• **Task description**: Type out the listing below exactly. Pictures stay out of it.

Top of Given data

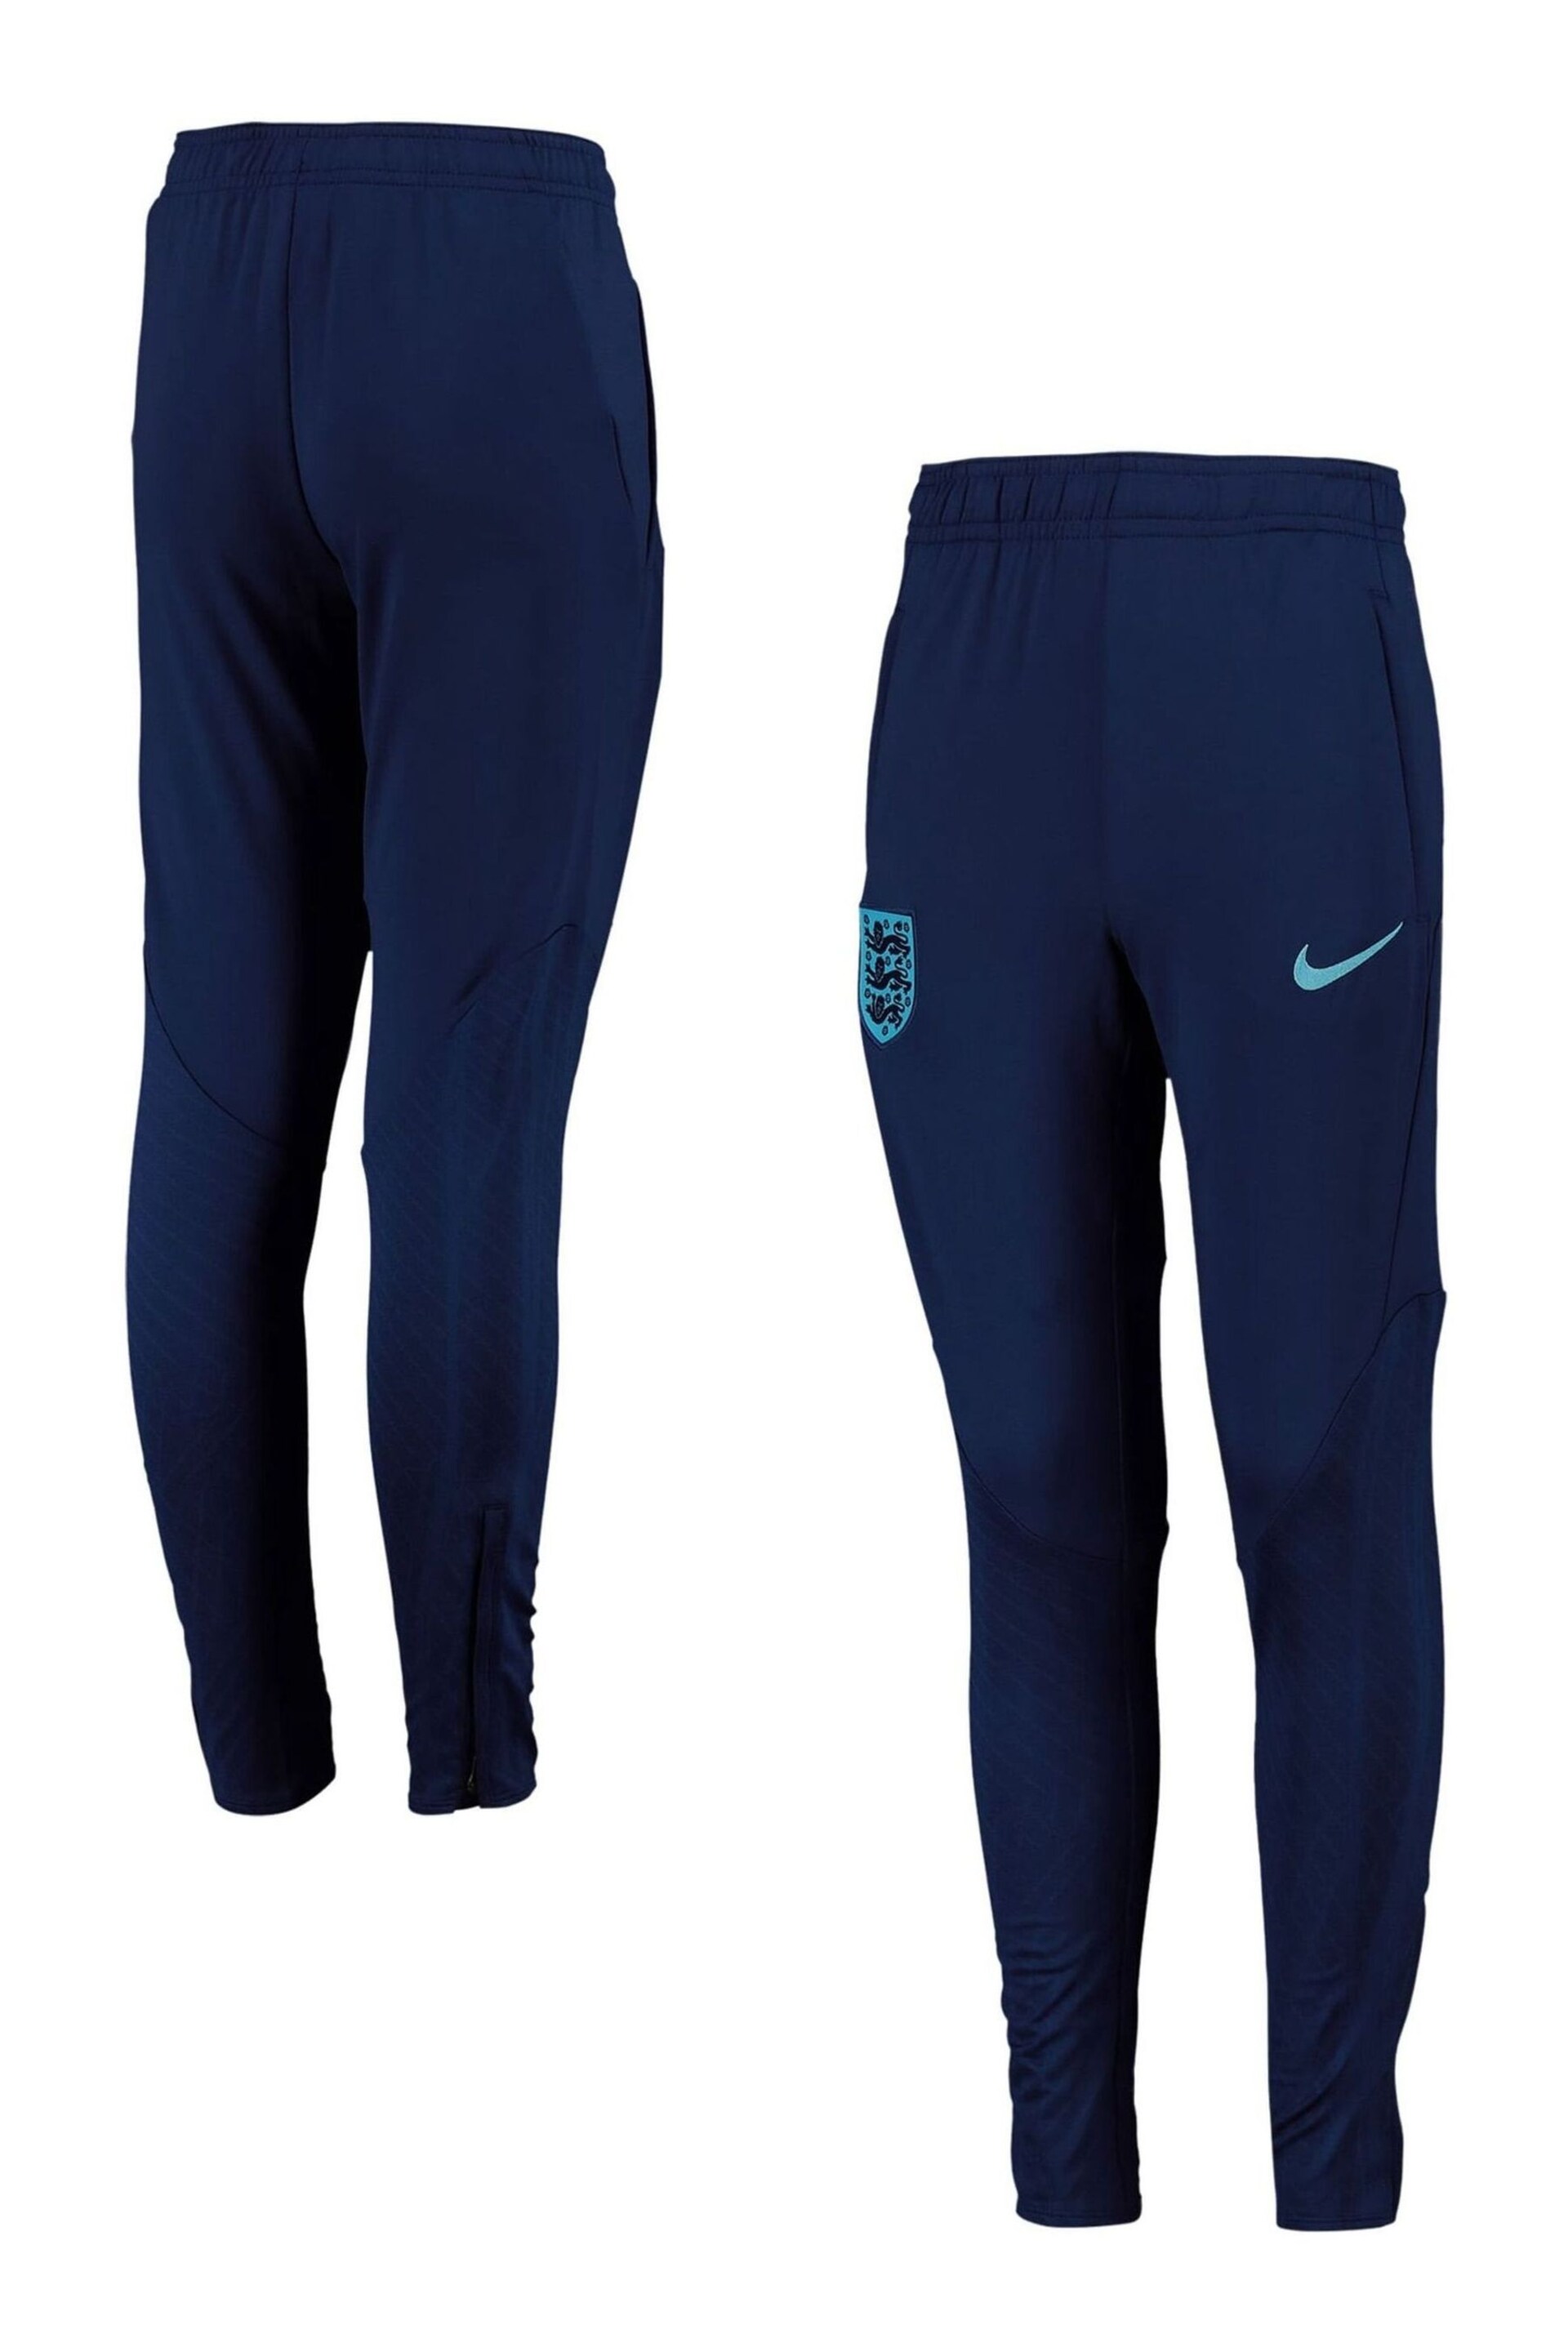 Nike Blue England Strike Joggers - Image 1 of 3
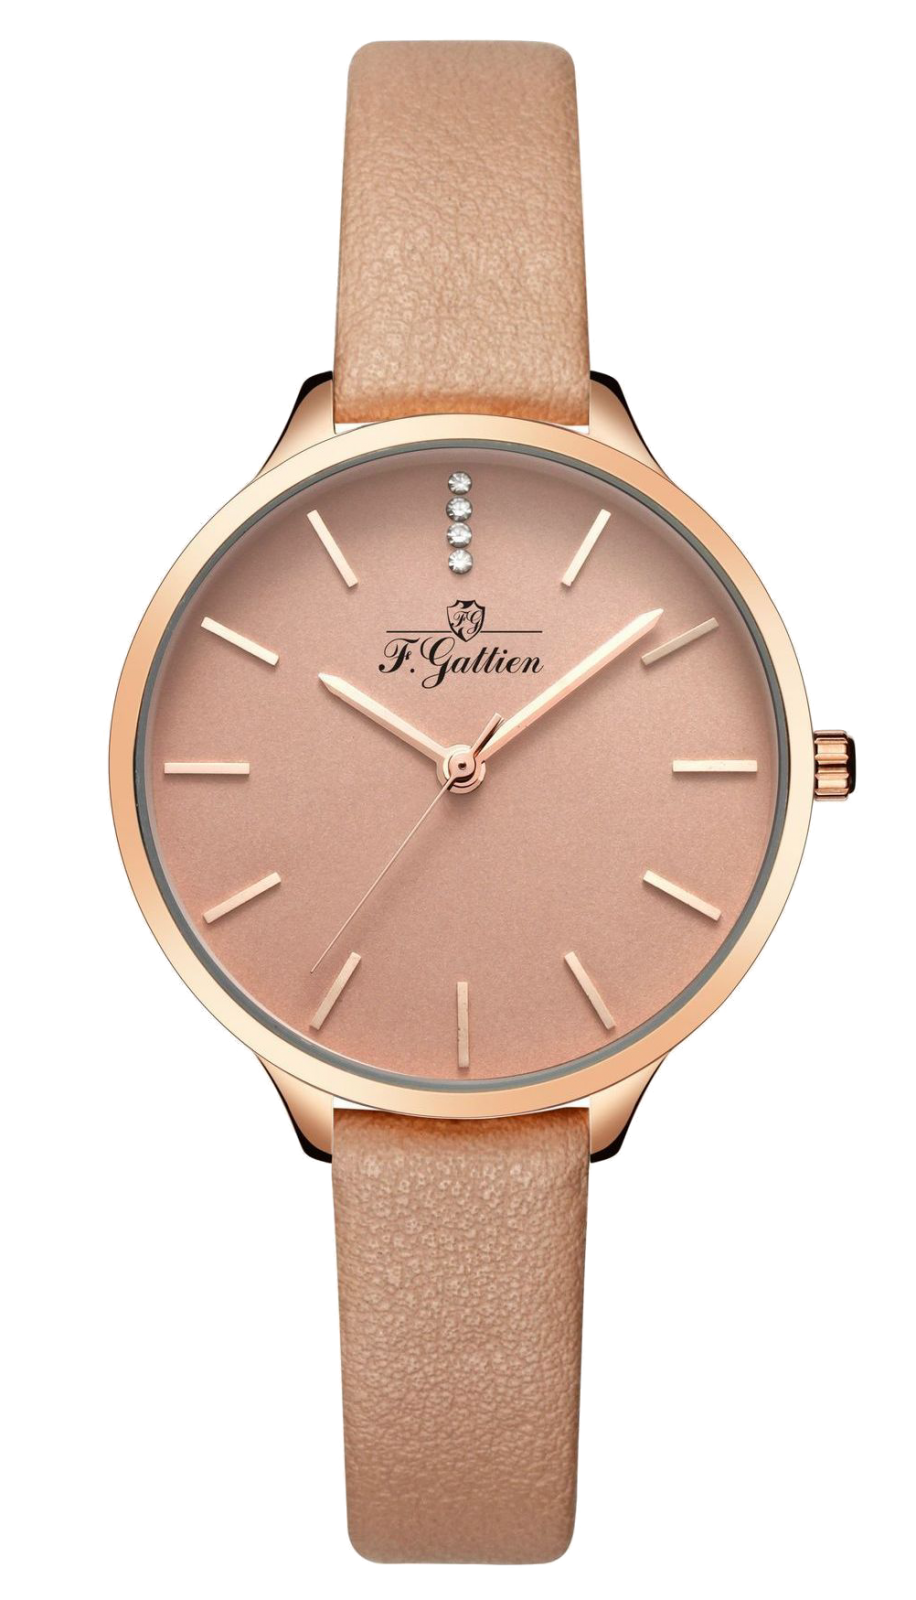 Женские часы F.Gattien F.Gattien 6603-412беж
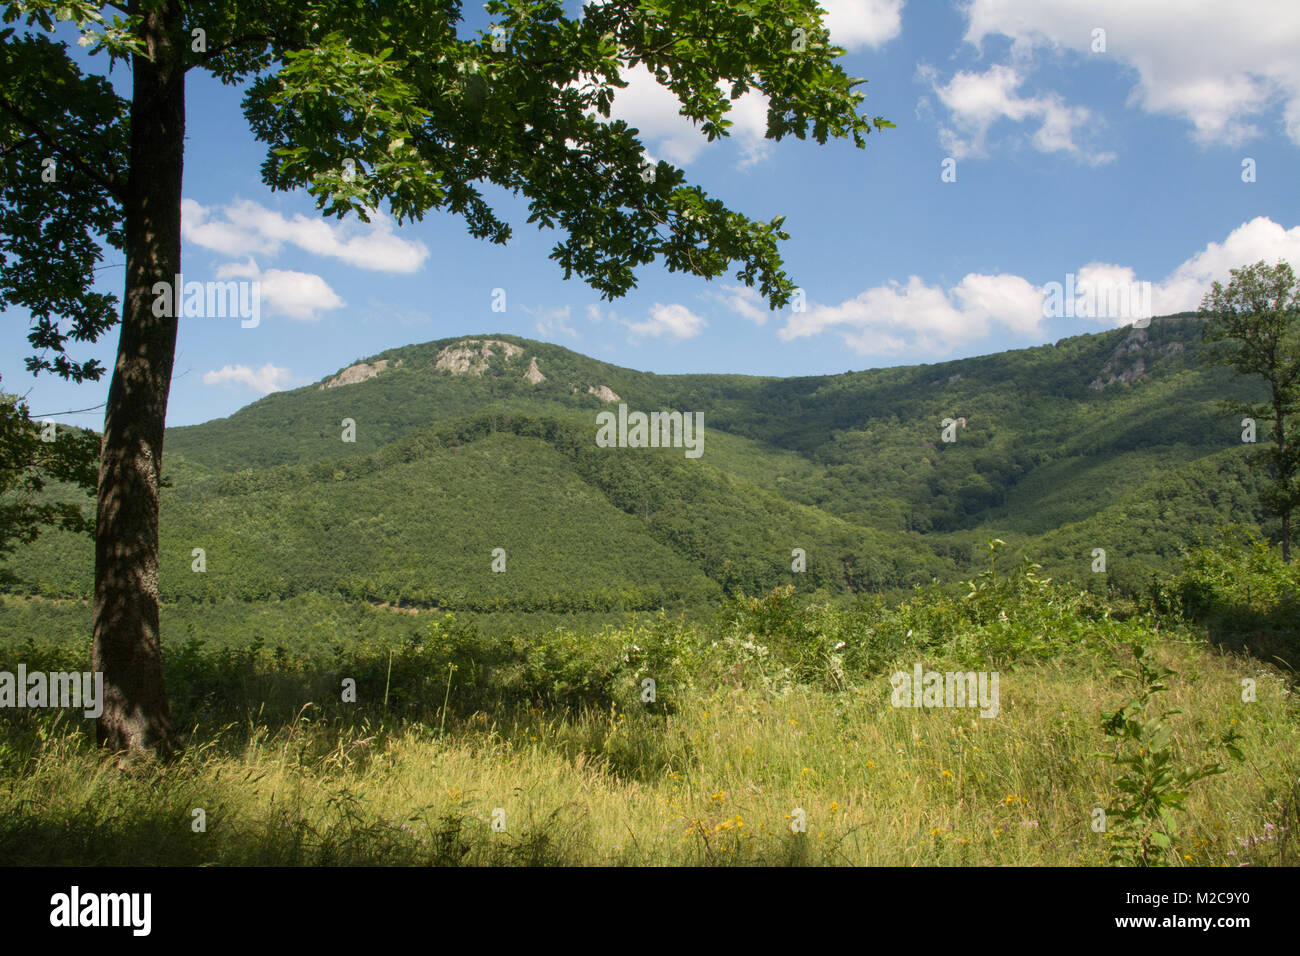 Forested mountain scenery in the Bukk National Park (Bükki Nemzeti Park) in northern Hungary, Europe Stock Photo

Bottom of Given data

• **Output of the task**:
 Nike Blue England Strike Joggers - Image 1 of 3
 Женские часы F.Gattien F.Gattien 6603-412беж
 Forested mountain scenery in the Bukk National Park (Bükki Nemzeti Park) in northern Hungary, Europe Stock Photo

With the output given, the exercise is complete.